Waarom zoveel bouwprojecten falen, en hoe het beter kan
Huisvestingsprojecten, of het nu gaat om nieuwbouw of renovatie, staan bekend om hun complexiteit. De weg is bezaaid met valkuilen die projecten kunnen doen ontsporen. Huisvestingadviesbureau HEVO deelt vier succesfactoren die het verschil kunnen maken tussen mislukking en succes.
Niemand kijkt er inmiddels nog van op: een (ver)bouwproject dat (veel) duurder uitvalt of langer duurt dan gepland. Of – erger nog – het resultaat sluit niet aan bij de wensen van de gebruiker. Eén op de drie bouwprojecten faalt dan ook, zo bleek enkele jaren geleden uit onderzoek. Hoe kan het toch dat zóveel projecten de vooraf gestelde doelen niet halen?
“Te vaak zien we dat projecten verzanden in discussies over details, terwijl de essentie uit het oog wordt verloren”, vertelt Willem Adriaanssen, partner en adviseur bij HEVO. “De sleutel tot succes ligt niet in harder werken, maar in slimmer en fundamenteler nadenken vóór en tijdens het proces.”
Op basis van jarenlange ervaring heeft HEVO vier cruciale succesfactoren gedefinieerd die de kans op een geslaagd project maximaliseren:
1. De ‘waarom’-vraag: Een kraakheldere doelstelling
Veel projecten starten met een focus op het ‘wat’: het aantal vierkante meters, het aantal kamers, de technische specificaties. Een klassieke valkuil volgens Adriaanssen.
“Een succesvol project begint altijd met de ‘waarom’-vraag. Welk strategisch doel dient dit gebouw voor de organisatie? Moet het een magneet zijn voor nieuw talent, een broedplaats voor innovatie, of juist een toonbeeld van duurzaamheid? Pas als dat voor iedereen kristalhelder is, kan je de juiste keuzes maken.”

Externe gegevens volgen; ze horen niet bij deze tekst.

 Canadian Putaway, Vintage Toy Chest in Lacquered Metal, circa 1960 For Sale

Een scherpe doelstelling fungeert als een kompas gedurende het hele project. Het helpt om, bij elke tegenslag of wijziging, de juiste beslissingen te nemen die bijdragen aan het einddoel, in plaats van ervan af te wijken.
2. Proactief sturen: Van branden blussen naar voorkomen
“De goedkoopste en meest effectieve oplossing is altijd het voorkomen van een probleem, niet het herstellen ervan”, stelt Adriaanssen.

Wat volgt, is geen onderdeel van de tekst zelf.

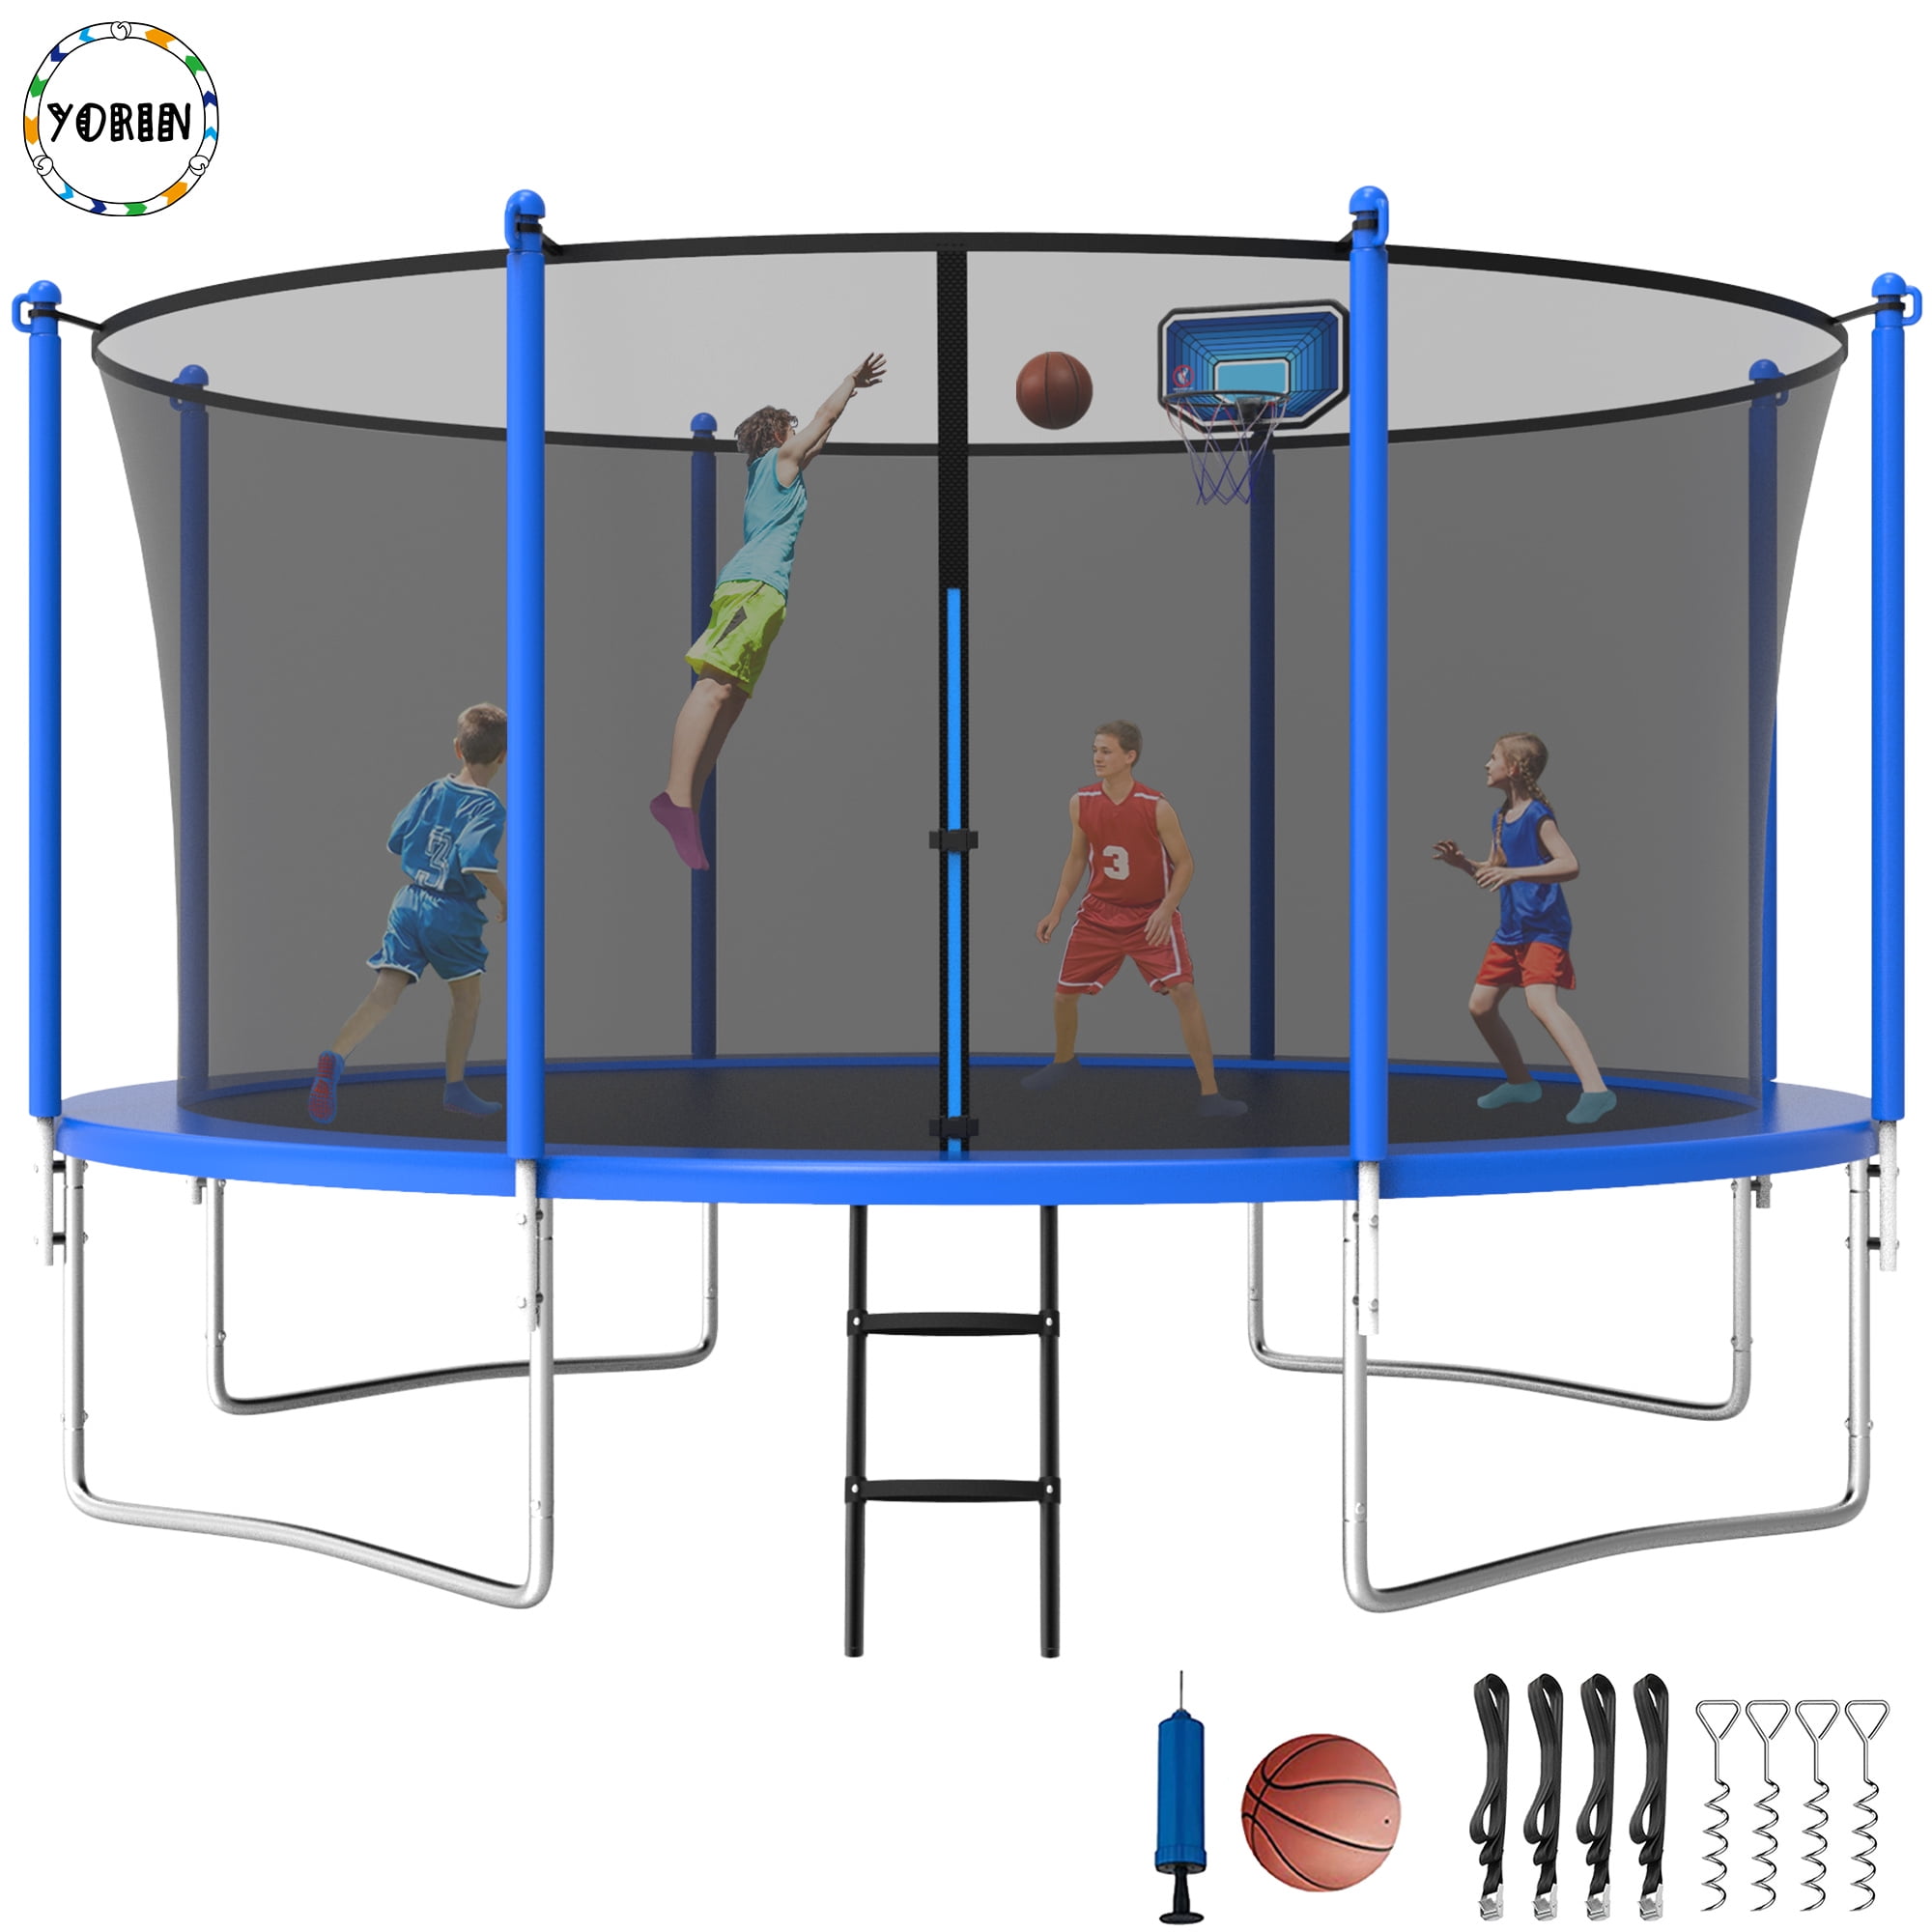 YORIN Trampoline, 14FT Trampoline with Enclosure Net, 1400LBS ...

Deze mentaliteit van ‘voordenken’ is de tweede succesfactor. Het betekent dat in de beginfase van een project bewust wordt nagedacht over de gehele levenscyclus van een gebouw, inclusief beheer en onderhoud. Dit gaat hand in hand met robuust risicomanagement. Het draait niet om een risicolijst afvinken, maar om als een schaakspeler meerdere zetten vooruit te denken.
“Welke interne en externe factoren kunnen ons project bedreigen, en welke maatregelen nemen we nu al om die risico’s te ondervangen? Door proactief te sturen, behoud je de controle en voorkom je kostbare herstelwerkzaamheden achteraf”, aldus Adriaanssen.
3. De mens als succesfactor: Investeren in samenwerking
Een project kan technisch nog zo goed in elkaar zitten, het valt of staat bij de mensen die het moeten realiseren. Een goede samenwerking staat aan de basis van een succesvol project. Dit gaat verder dan contracten en formele overleggen. Het draait om het creëren van een projectcultuur gebaseerd op vertrouwen, open communicatie en een gedeeld belang.
“Je moet een omgeving bouwen waarin een aannemer of adviseur durft aan te geven dat een voorgesteld plan niet de slimste oplossing is, zonder angst voor contractuele gevolgen”, legt Adriaanssen uit. “Wanneer alle partners zich gezamenlijk eigenaar voelen van het einddoel, ontstaat een team dat problemen samen oplost in plaats van naar elkaar te wijzen.”
4. Grip en groei: Actief monitoren en lerend vermogen
De laatste succesfactor combineert actieve sturing met een lerende houding. Grip houden betekent meer dan alleen het bewaken van de planning en het budget. Het is het continu toetsen van de voortgang aan de oorspronkelijke ‘waarom’-vraag.
Wordt het gebouw nog steeds de innovatiehub die we voor ogen hadden? Dragen de gekozen materialen nog bij aan ons duurzaamheidsdoel? Dit vereist heldere, beknopte rapportages die inzicht geven in de stand van zaken.
Minstens zo belangrijk is het lerend vermogen. “Evalueer niet alleen na afloop, maar juist ook tijdens het project”, adviseert Adriaanssen: “Wat ging er goed in deze fase? Wat kan er beter? Door deze feedback direct toe te passen, wordt niet alleen het huidige project succesvoller, maar legt de organisatie ook de basis voor toekomstig succes.”
De som der delen
Deze vier factoren zijn geen losse onderdelen, maar de pijlers van een geïntegreerde aanpak. Het succes van een huisvestingsproject is de som der delen: een helder doel heeft geen waarde zonder de grip om het te bewaken, en een proactieve planning is nutteloos zonder de samenwerking om het uit te voeren.
“Uiteindelijk gaat het niet om de stenen, maar om de waarde die je ermee creëert”, zo besluit Adriaanssen. ““Een gebouw is slechts een middel; het echte succes meet je aan de impact op de mensen en de organisatie die het gebruikt.”